When: communicating it at the right time
If you obtain data from someone directly
If you are collecting data from someone directly (such as a contact form, or a cookie), you've got to make your privacy notice available "at the time when personal data are obtained".
It's no good to collect data from them and then email them a copy of your privacy notice — you're too late. Use layering, or just in time transparency, to show them the right information at the right point.

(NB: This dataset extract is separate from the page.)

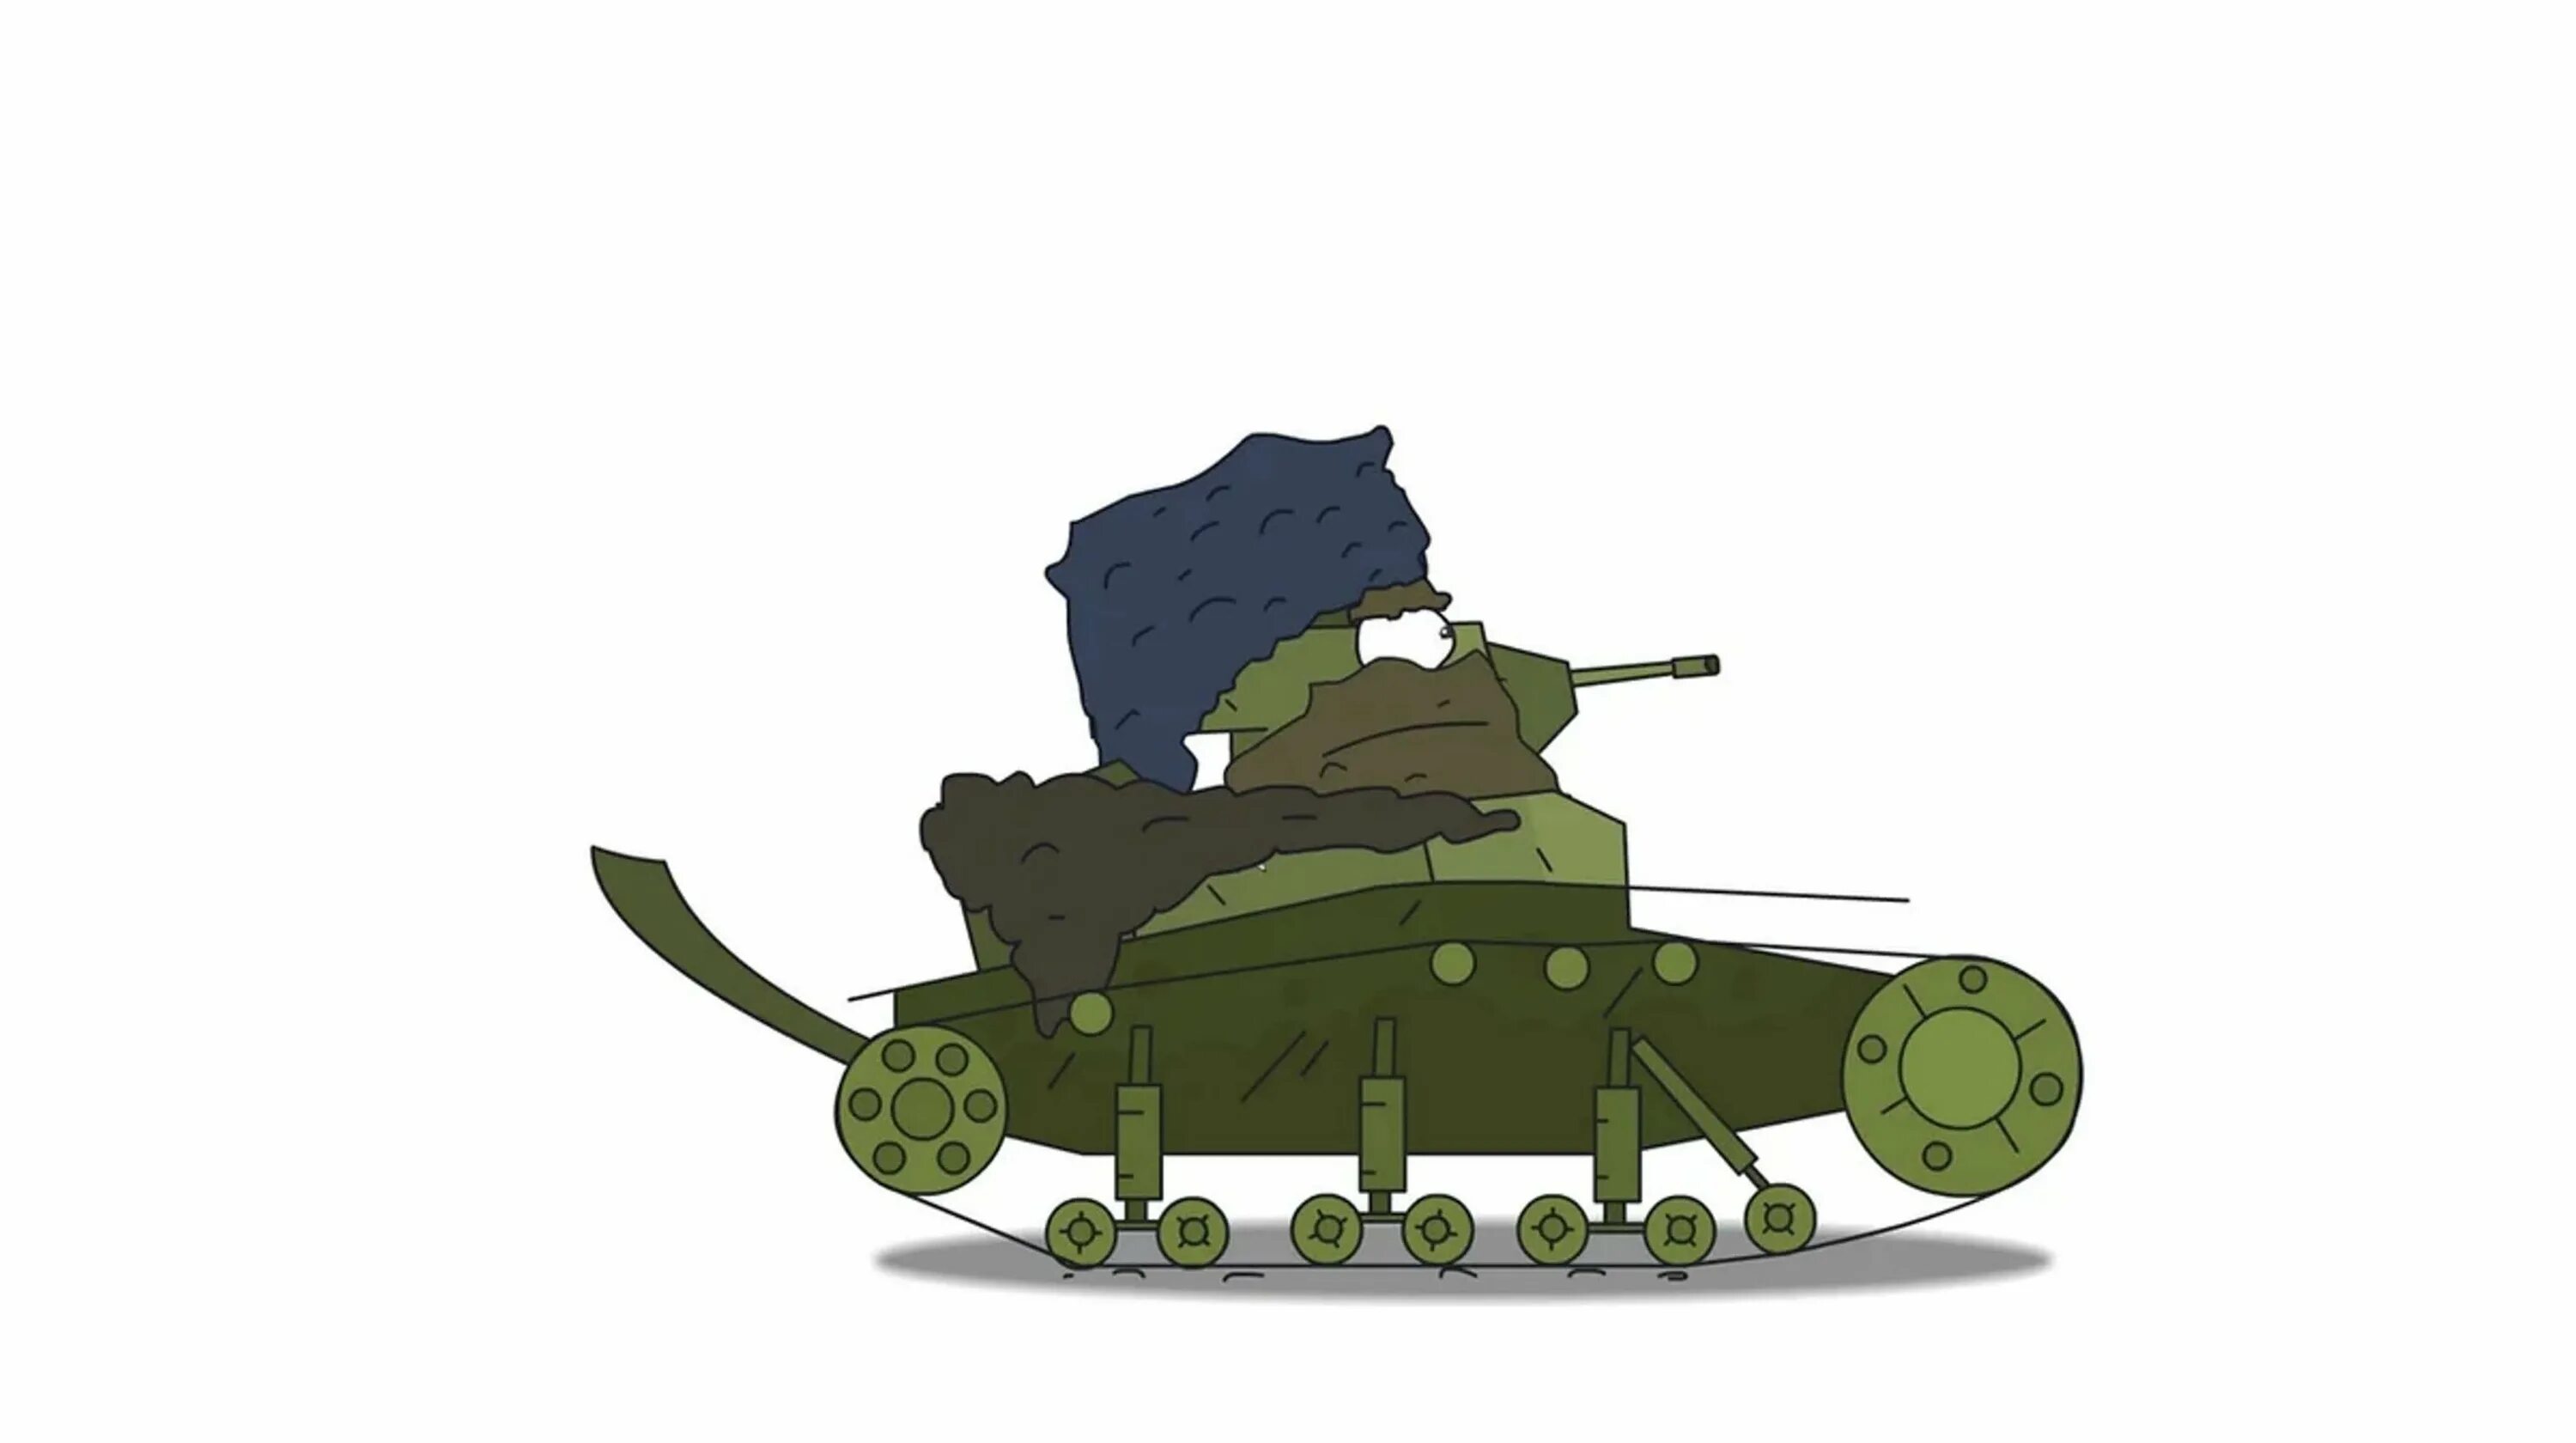 Генерал МС 1 Геранд. МС-1 танк Геранд. Танк МС-1 Геранд генеранд.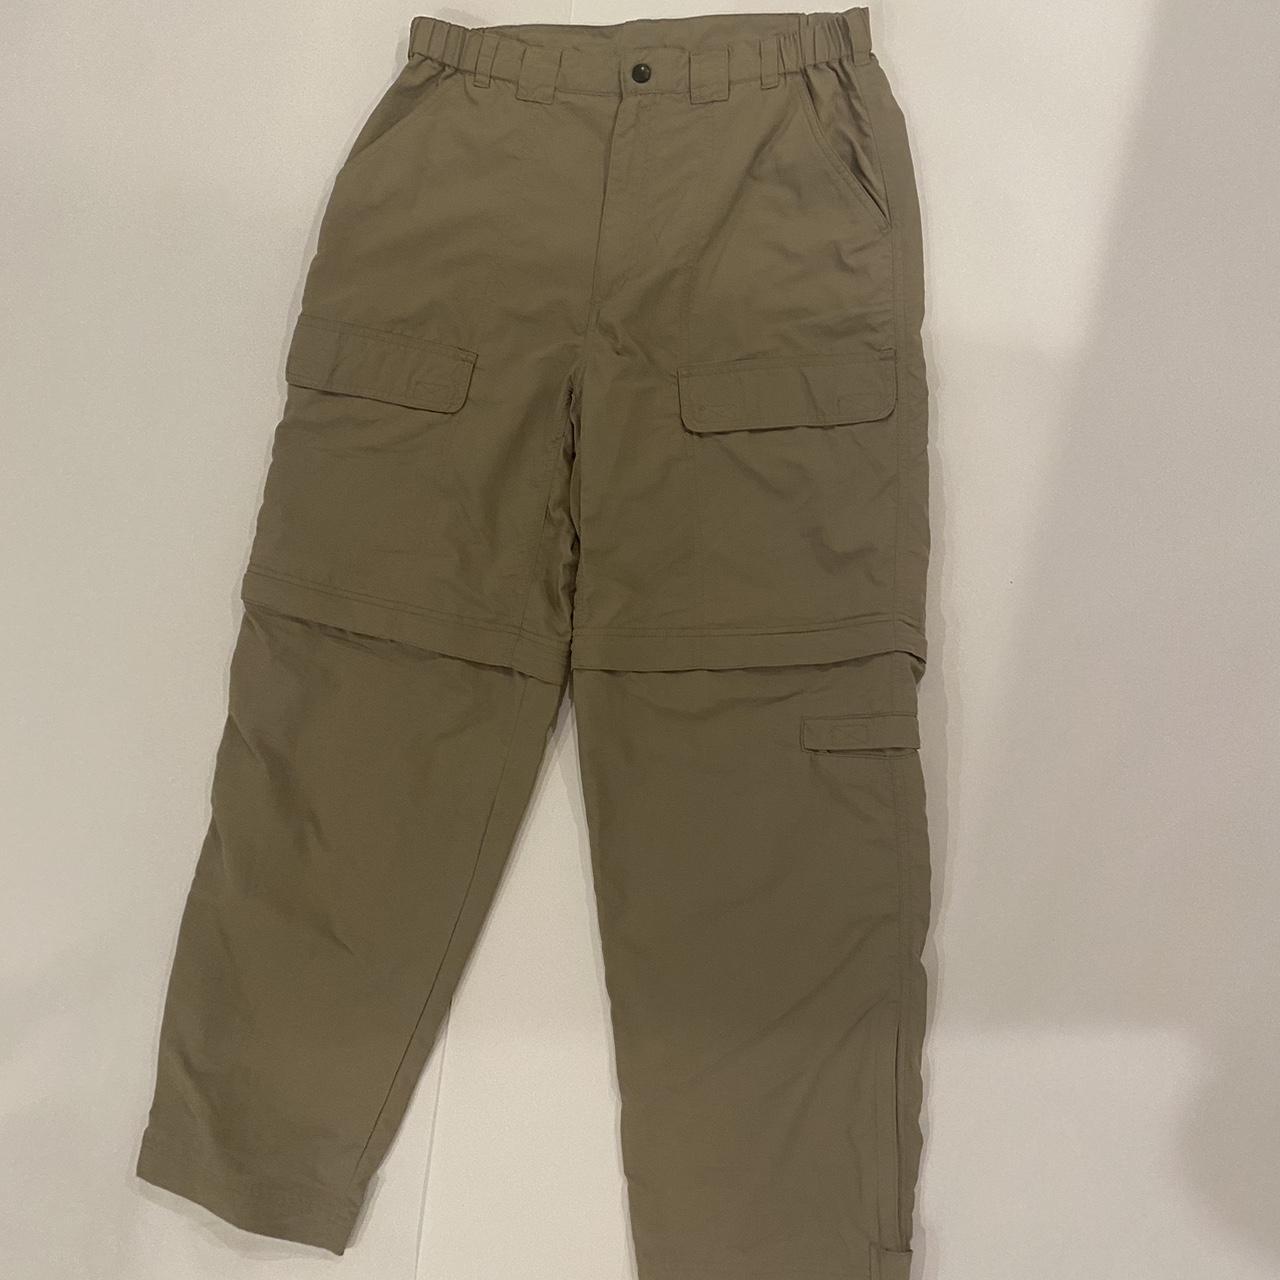 High Sierra Men's Tan Trousers (4)

If you obtain data indirectly
If you obtain data about someone indirectly — perhaps you're buying it from someone else — and they don't already have all the required information, you need to communicate your privacy notice to the people to whom the data relate:
- within a reasonable period of time, and at the latest within one month of obtaining their data; or
- if you communicate with them, at the latest at the time of the first communication; or
- if you are planning on selling or giving away their data, at the latest when the personal data are first disclosed
So you have a maximum of one month from the point at which you obtain the data, and potentially a shorter window if that is "reasonable" or if you are communicating with them or giving out their data.
If you cannot do this — if it would be impossible, or involve a disproportionate effort — you are required to take "appropriate measures", which expressly includes "making the information publicly available". You'll need to think carefully before relying on this, and be sure you can justify your decision, if you have a means of contacting data subjects directly.
Aaargh. This is just to complicated
If you find this complicated, there's a strong chance you are over-thinking it. At its heart, it's a simple obligation.
Of course, if you are not sure what you are doing with personal data, then that's a lot harder — so fix that bit first.
And if what you are doing is particularly complex, or if it's not something a data subject would expect (which might mean you have bigger problems), then that too can be trickier.